# Origin fertility clinic closes for 2 weeks - any info?



## Hannah10 (Aug 18, 2011)

Hi ladies,

I just heard on the BBC news that origin fertility clinic has 'voluntarly' closed for at LEAST 2 weeks due to 'weaknesses in management systems'.  There is a notice on their website but really does not say anything more.

I am waiting to have my 3rd cycle (2nd with Origins) and I feel so annoyed that this has happened!  Is anyone else using this clinic at the moment (its in Belfast).

Any help would be much appreciated.

Hannah x


----------



## Maximom (May 17, 2011)

Hi Hannah I've not had any treatment at Origin but if some girls on the current cyclers thread were affected by the closure. I know Jillyhen has just started dr with them so she mite be able to help if you have any queries but I would ring Origin in the morning and they mite be able to answer any concerns you gave. 

Good luck with ur treatment hun x


----------



## TBM (Nov 25, 2010)

Hi Hannah

I was due to start treatment with Origin in May, I only found out they were closing via this website and then a message appearing on Origin's website.  I decided to change clinics as Origin didn't have the manners to tell us personally our treatment would not be going ahead as planned despite having a consultation and several telephone conversations with them within two weeks of this news coming to light.

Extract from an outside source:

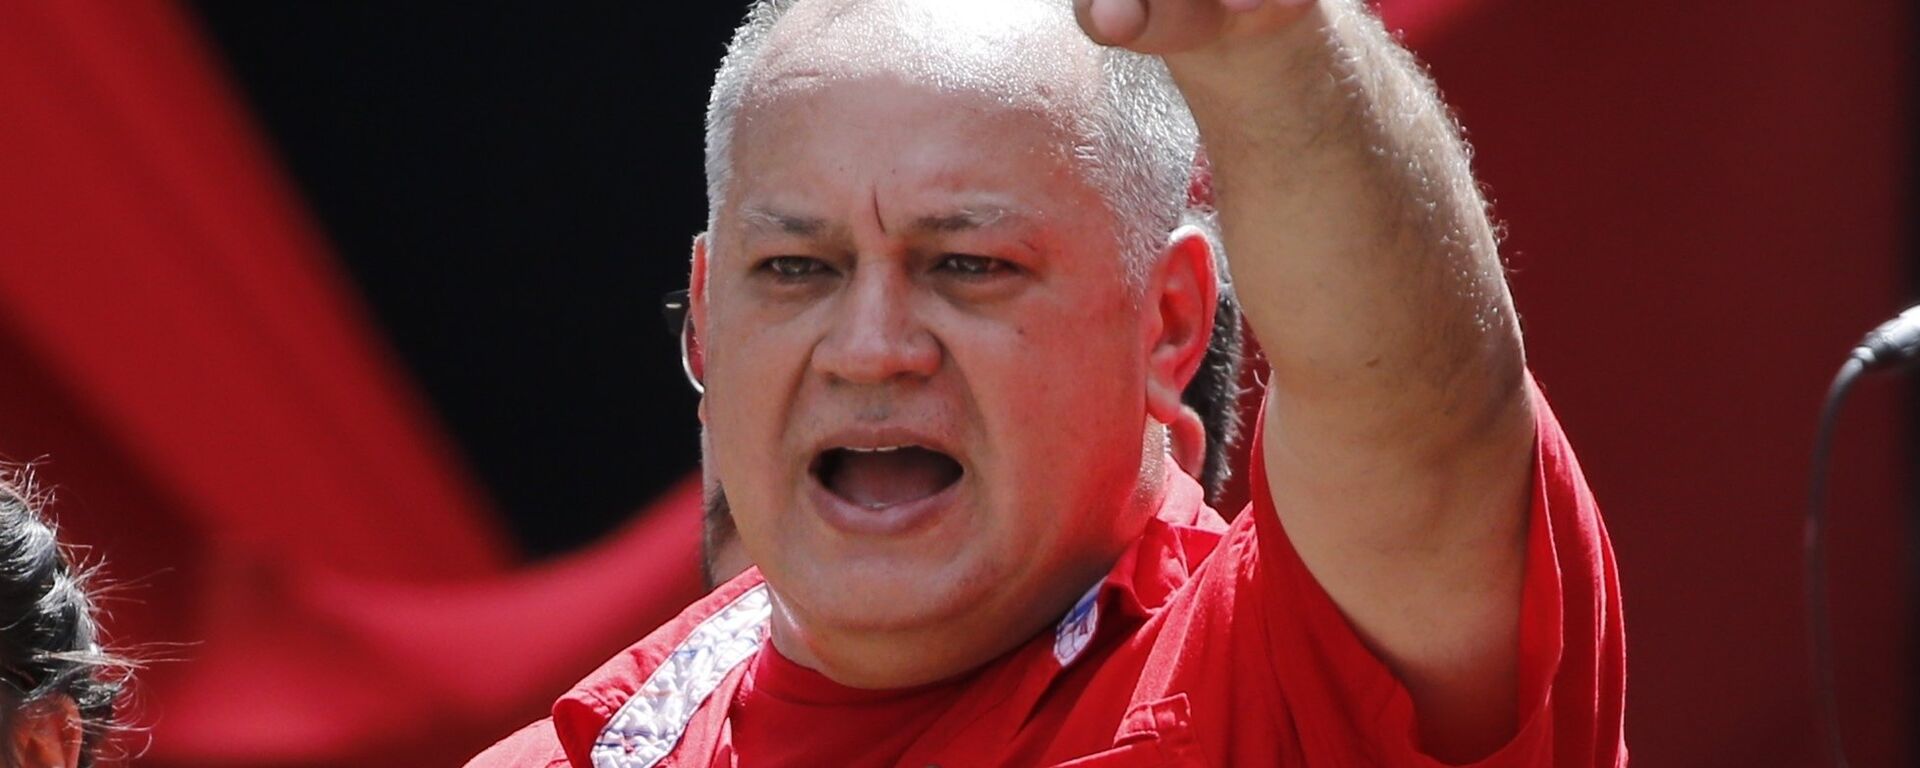 Diosdado Cabello, presidente de la Asamblea Nacional Constituyente de Venezuela - Sputnik Mundo, 1920, 09.11.2021
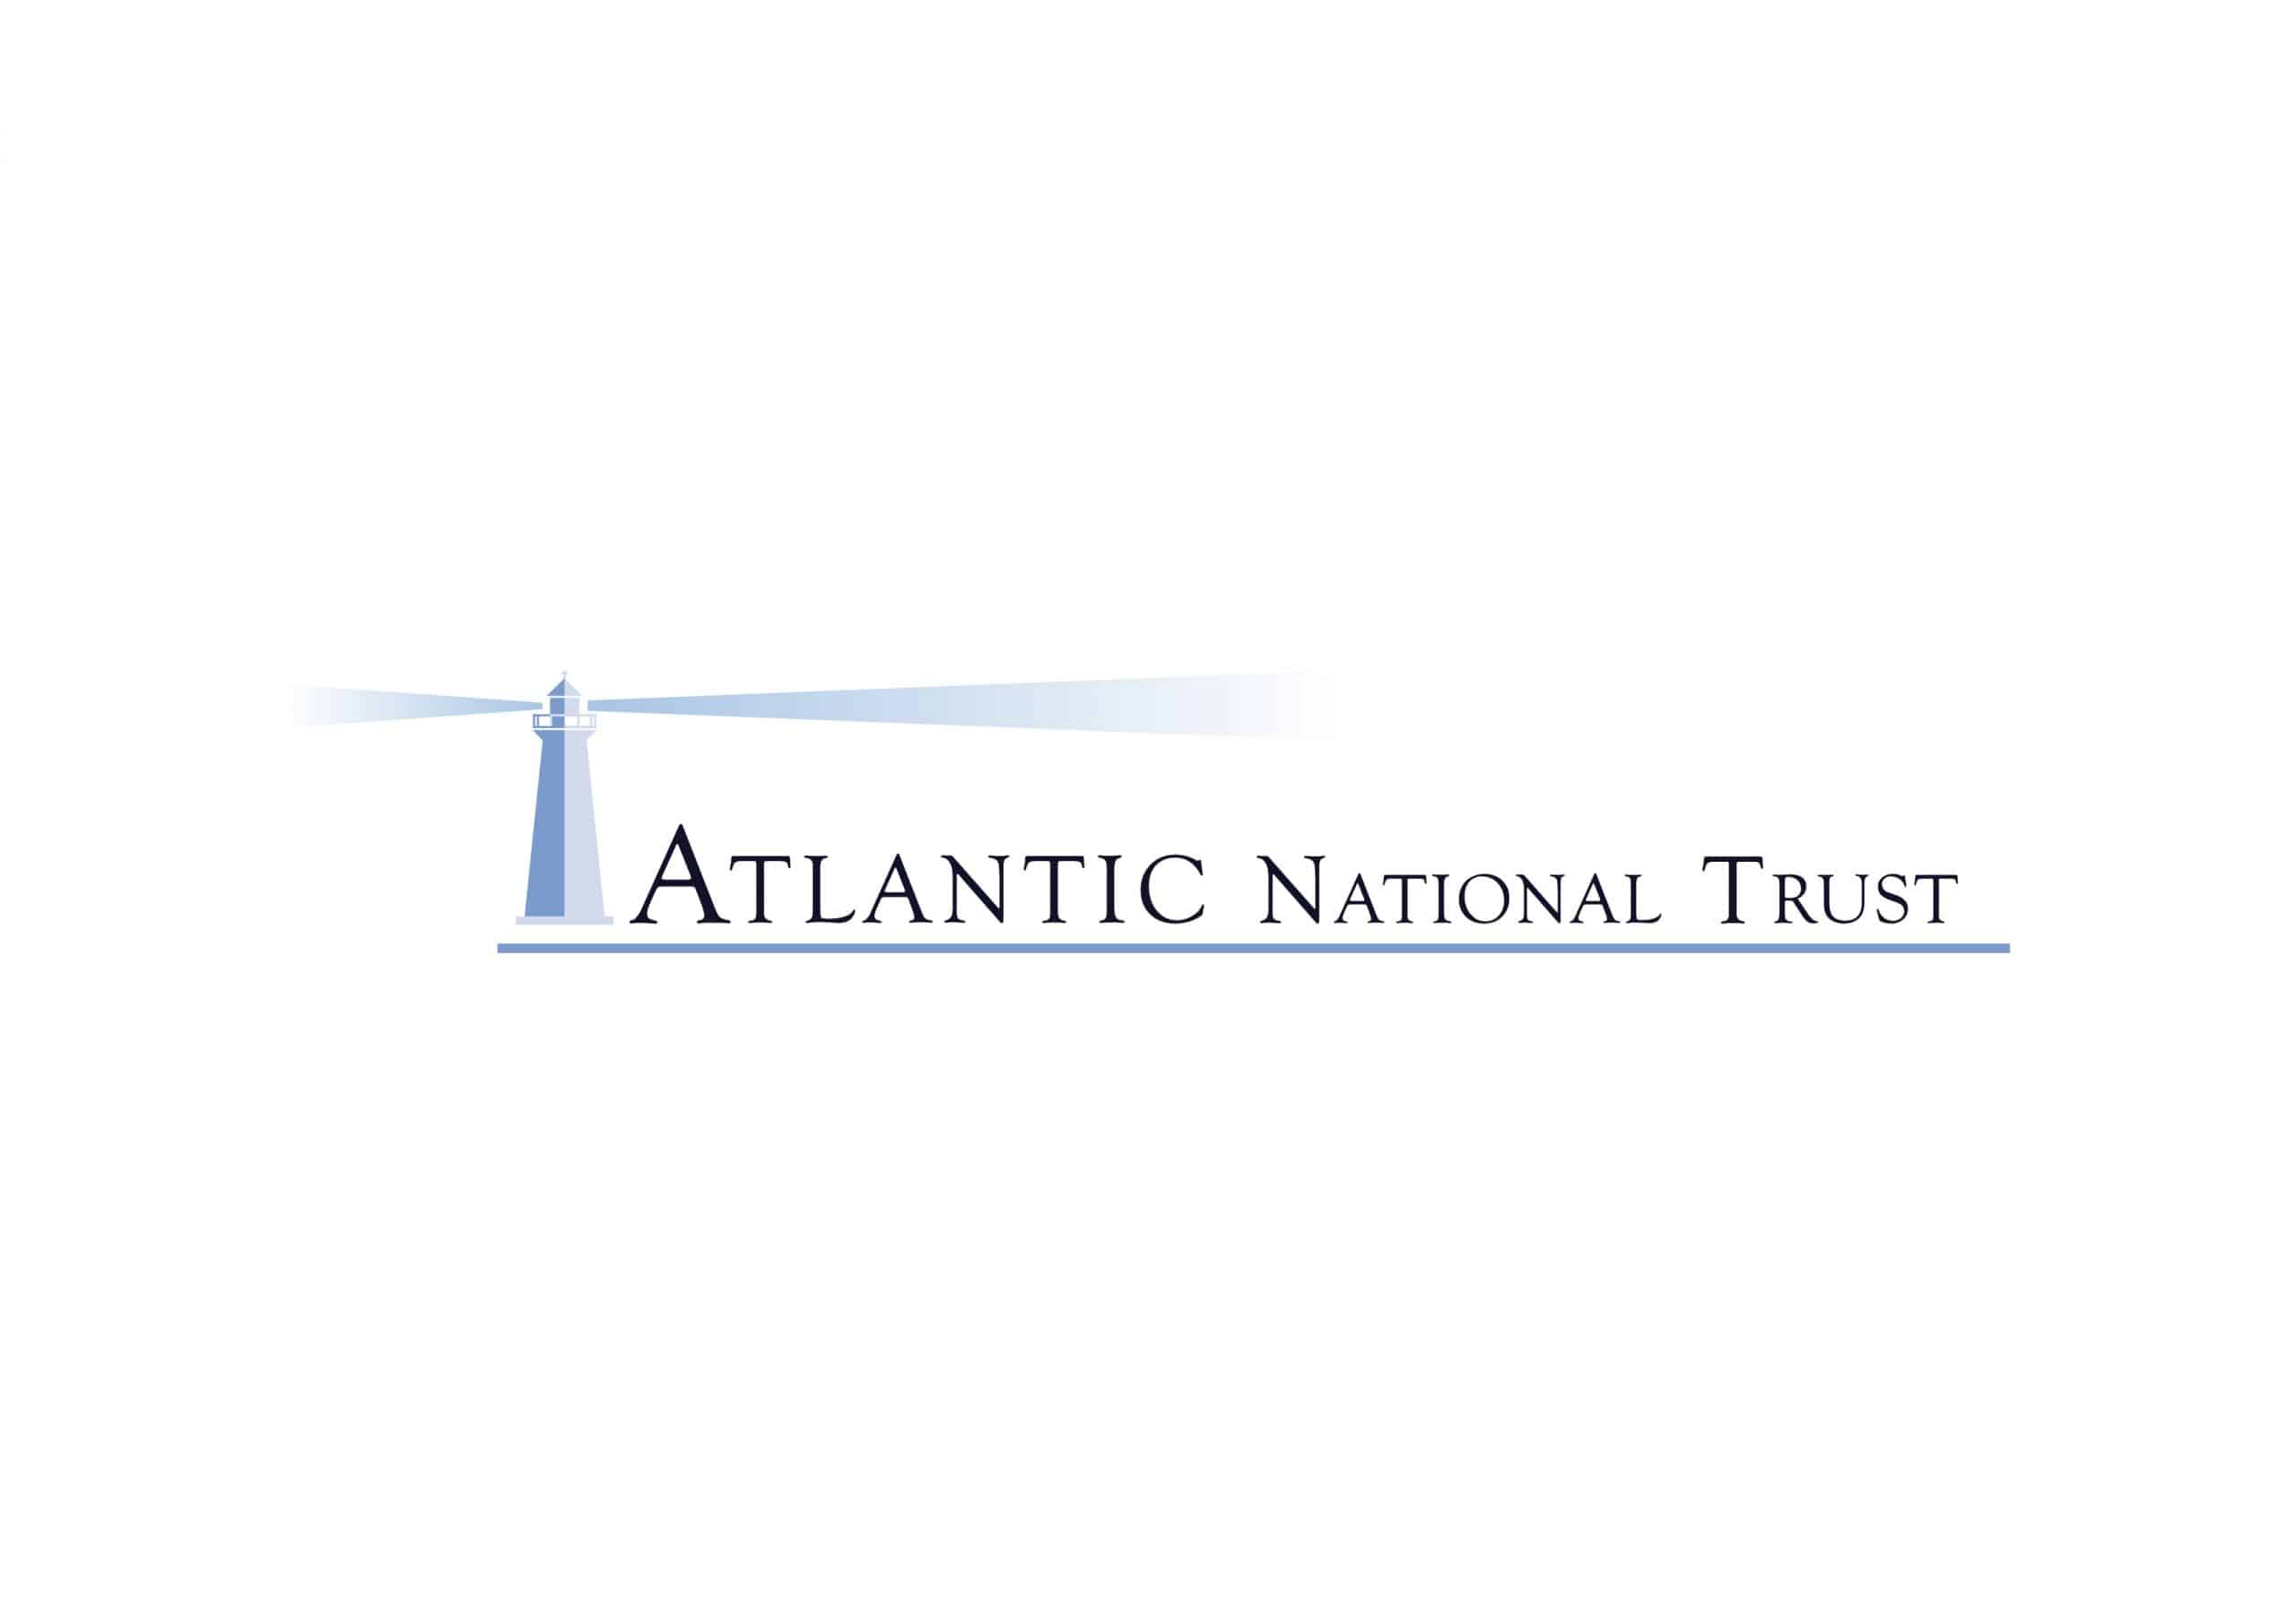 Atlantic National Trust

Now starting treatment on Thursday with GCRM who have a satellite clinic in Belfast.  Jillyhen is currently going through treatment with Origin so maybe she can shed some light on their situation.


----------



## Hannah10 (Aug 18, 2011)

Maximum - thanks for responding pet xxx

TBM - did you hear about this closure a while ago?  I just found out today.  I am so glad that you are starting treatment with the new clinic - I have never heard of them.  Origins website states that affected clients had been contacts - I cant believe that they didnt have the manners to call you - that is unforgivable!!!  But I hope new clinic, new starts and new results hopefully for you xx

I'll try contacting Jillyhen too

Thanks Girls xx


----------



## TBM (Nov 25, 2010)

Hannah - I heard about Origin closure when Jillyhen went there to pick up her medication only to be told she couldn't start treatment, I think that was 15 May. Since then they contacted Jillyhen and she started treatment this month.


----------



## Jillyhen (Dec 17, 2009)

Hi hannah

As the girls have said I started Dr last fri. I was told on the 15th may about the closure after traipsing from Coleraine n wasting a days leave!  I was all set to go to gcrm when I got a shock call from Jenny 2 weeks ago asking for my dates etc. I did ask why as I had been told about the closure n that it would be July but she said no, they can start scheduling in again. I think they are closed &opening on the 25th!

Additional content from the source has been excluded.